The following guide walks you through the basic steps to set up, build and deploy your own Cancer InFocus (CIF) applications. The end result is the “default” version. Additional tutorials will be available to help you customize CIF applications to meet your specific needs.


1. Folder Structure

First, you’ll want to set up a folder in your working directory to house all of your R files (name this whatever you want). You’ll need separate subfolders for each of the Cancer InFocus applications you choose to create. Our suggested naming convention for these subfolders are:

We will use these conventions throughout the document. Each application folder should also be given one subfolder named www.

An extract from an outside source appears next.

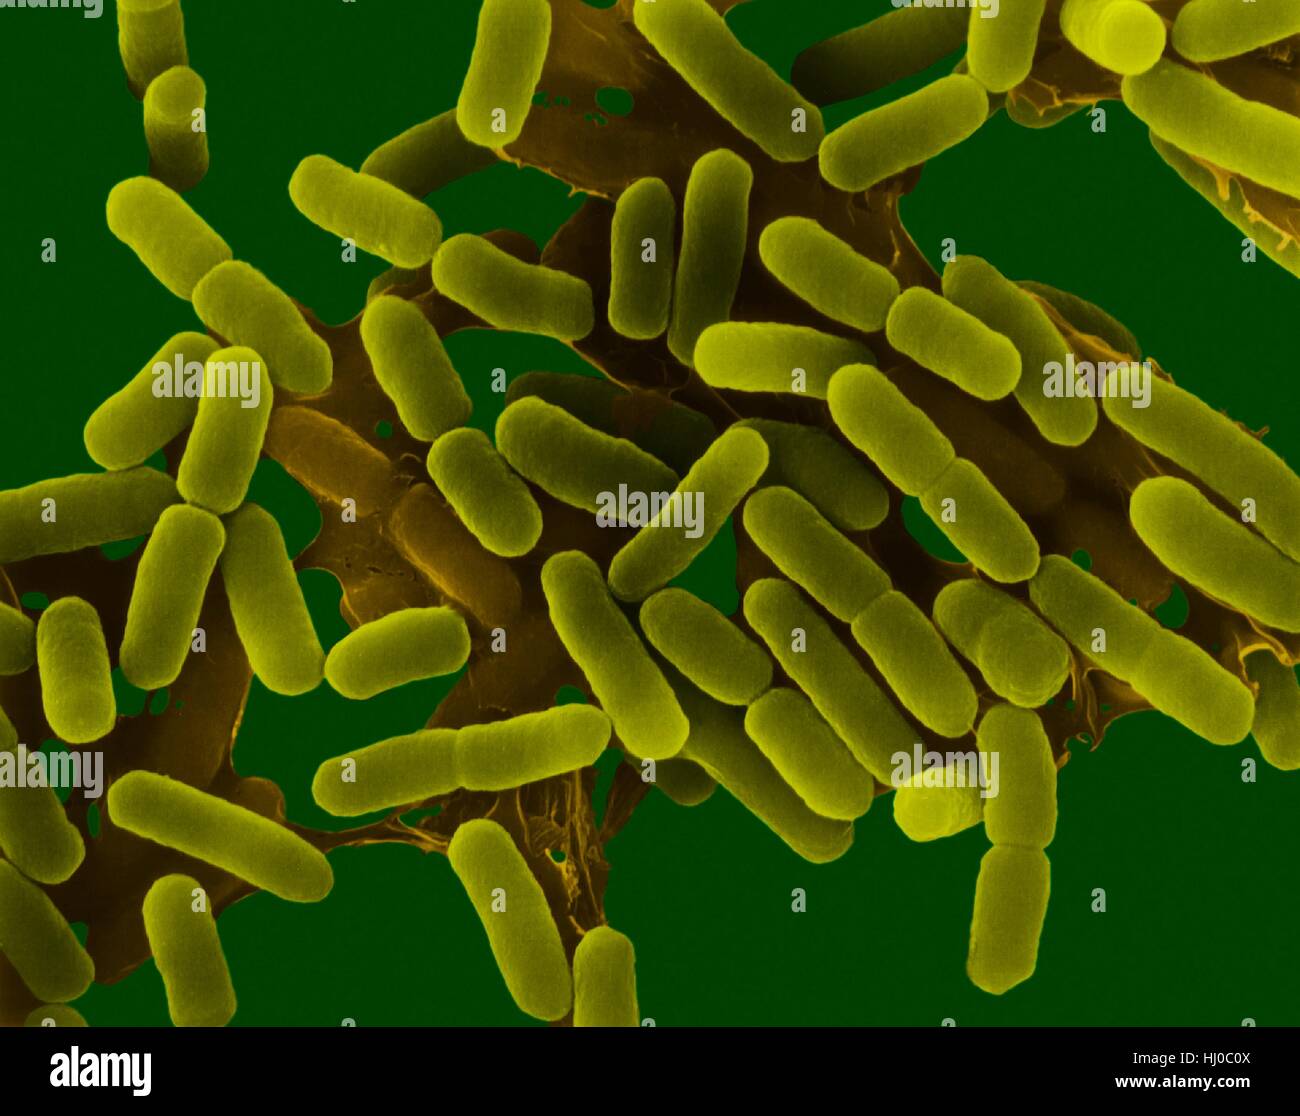 Coloured scanning electron micrograph (SEM) of Escherichia coli is a Gram-negative, facultatively anaerobic, enteric, rod prokaryote. This bacterium was isolated from the human intestine and is normally a part of the human and animal microbiota. Most E. coli strains are harmless, but some strains can cause serious problems such as: food poisoning, urinary tract infections, traveller's diarrhoea and nosocomial infections. The E. coli 0157:H7 strain is fatal to humans if contracted when contaminated meat is cooked inadequately. Magnification: x2, 225 when shortest axis printed at 25 millimetres. Stock Photo

Your final folder setup, or directory, should look like this.

.
|-- ShinyCIF/
|   `-- www/
|-- ShinyCIFProfiles/
|   `-- www/
`-- ShinyCIFBivar/
    `-- www/

2. Downloading Files

Download the data for your catchment area from CancerInFocus.org. This will give you a zip file with a name in the form of \(\textit{ca}\).zip, where \(\textit{ca}\) is the catchment short name attached to your catchment area. For instance, the catchment short name for Markey Cancer Center’s catchment area is uky, so the resulting file is uky.zip. Extract the contents of this zip file into a folder named \(\textit{ca}\)_catchment_data (e.g. uky_catchment_data)

Next, download the following files from GitHub,

and place them into the ShinyCIF folder you created. Download the measure_dictionary_v4.csv file into the ShinyCIF/www subfolder (e.g. the www folder contained within the ShinyCIF folder.)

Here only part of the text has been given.